# Trainer in Dallas, TX



## kcox82 (Nov 5, 2008)

Does anyone know or have used a trainer in the area that they would recommend?


----------



## elfwofle (Dec 22, 2007)

This guy is named Robert. He competes with his dogs in schutzhund, and trains other peoples dogs. This is his website to give you a bit of insight into what all he offers, and you can also contact him through there too. http://prok9trainer.com/index.htm

He is located in Abilene, but he does have clients in Dallas and if I remember correctly, he travels to Dallas too.


----------



## alienegypt (Jul 14, 2008)

If you are looking for an aggression specialist, Lucy and I have been working with Susan Strough, http://www.caninesfirst.com.

She is very knowledgeable about the German Shepherd breed, and she has helped us tremendously.
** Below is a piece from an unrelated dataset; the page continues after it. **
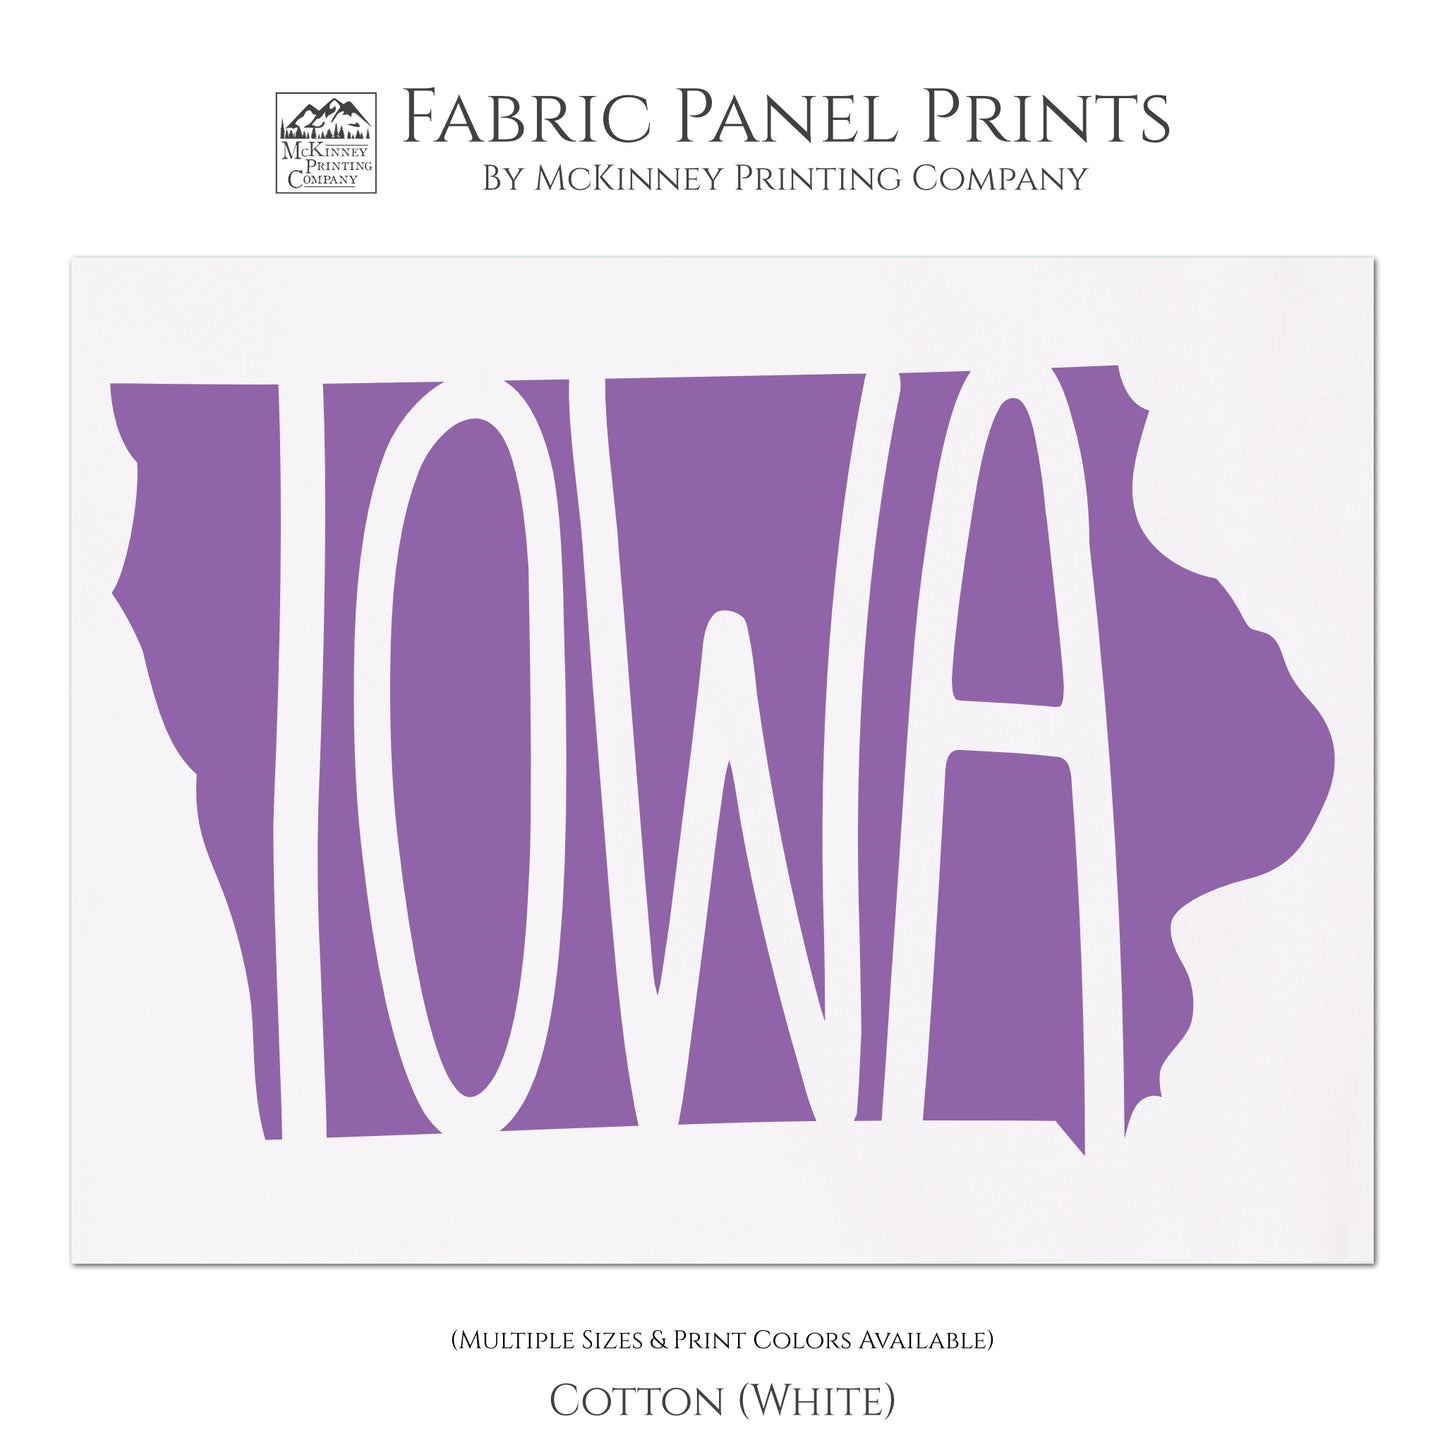 Iowa - Fabric Panel Print, Large | Small Cotton Quilt Block, Craft, State Silhouette, Pillow, Towel, TShirt - Cotton, White

She could also point you in the direction of other trainers in DFW if you are looking for specific recommendations.


----------



## psoliz25 (Jul 28, 2008)

this guy uses the ECollar...any thoughts on that?


----------



## OkieAmazon (Jun 14, 2005)

Can be a big mistake or just the right thing depending on how it's used and what you are trying to accomplish.


----------



## Crookedcreekranch (May 27, 2008)

MelloDee Middleton is just north of Dallas. Working line breeder.

http://www.germelhaus.com


----------